Monday, June 30, 2008

For Kant

Is language the true barrier? Then why don't I write?
If thought is its own pretense, why does it delight?
Who am I to think me changed? The former or the latter?
And why is it so hard to keep myself from scatter?
Is Kant's frame enough or is it too little?
How can I go into this in any great detail?
"Sapere Aude!" he exclaimed,
And are the rest of us condemned?
The categories are our judges,
Juries quick in there to find us,
Human beast or Human being?
What is thought? What is meaning?
Verdict accepted and denied,
On time's anathema's we must glide,
Seeking no substance but our own,
To transcend that we had grown.


On a personal note: grow up, don't grow old.

Monday, June 23, 2008

Travelling Without Moving

I hear the distant rumble,
The dusk sky seem so bland,
Quiet in this weary breeze
Of a long afternoon.

It is coming!
No need to place my ear against the dry soil;
The itch has finally caught on,
Catching wild fire at the remnants of my heart,
Captured in that endless struggle between hope and peace.
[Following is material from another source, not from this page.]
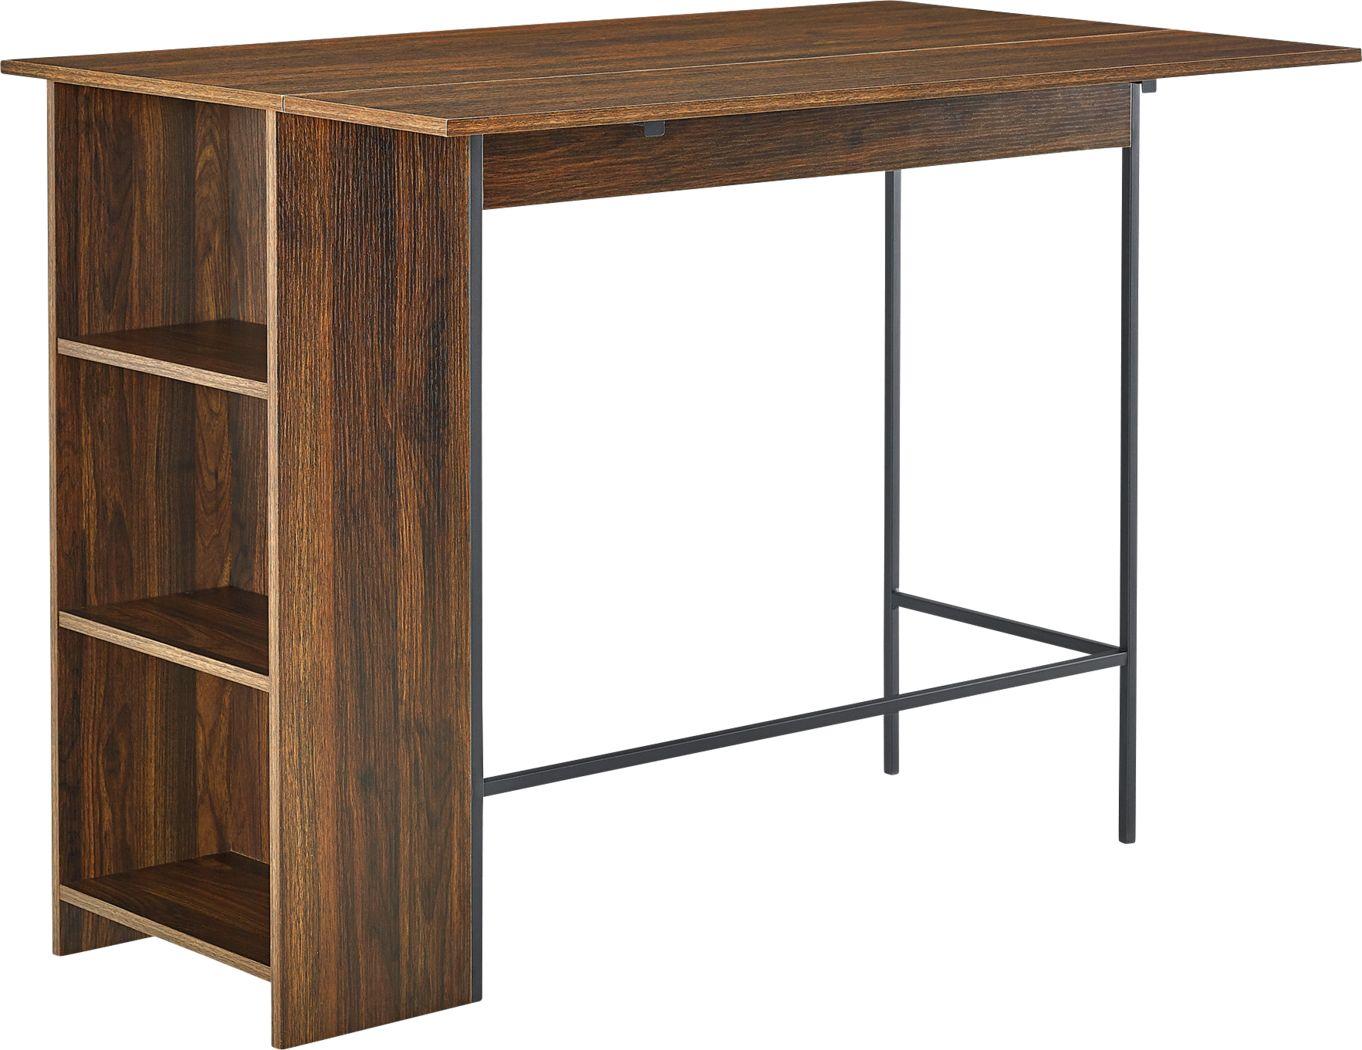 Buritt Walnut Counter Height Table

The calling is within, now perhaps more than without,
A silent reminder of what never was,
As it slips its thorny caress around my breast,
My nakedness bathed in blues and crimsons,
I lie awake, awaiting the tomorrows.

The caravan, long delayed,
Still echoes its slow wheels,
Those chrome tinted spokes of promise,
Crushing underneath a yellow road afield,
Landing at the appointed gate until dawn.

For morning brings the crystal quality of dread,
That wanton old faithful,
And pondering remains, as I greet the new sun,
Where is my pilgrimage setting? How many roads?

Thursday, June 19, 2008

The Invasion (a methodical pause)

I've scribbled this silly little ditty for Robert Lee Brewer's poetry prompt on the topic of "Invasion". It's not surprisingly titled: "The Invasion".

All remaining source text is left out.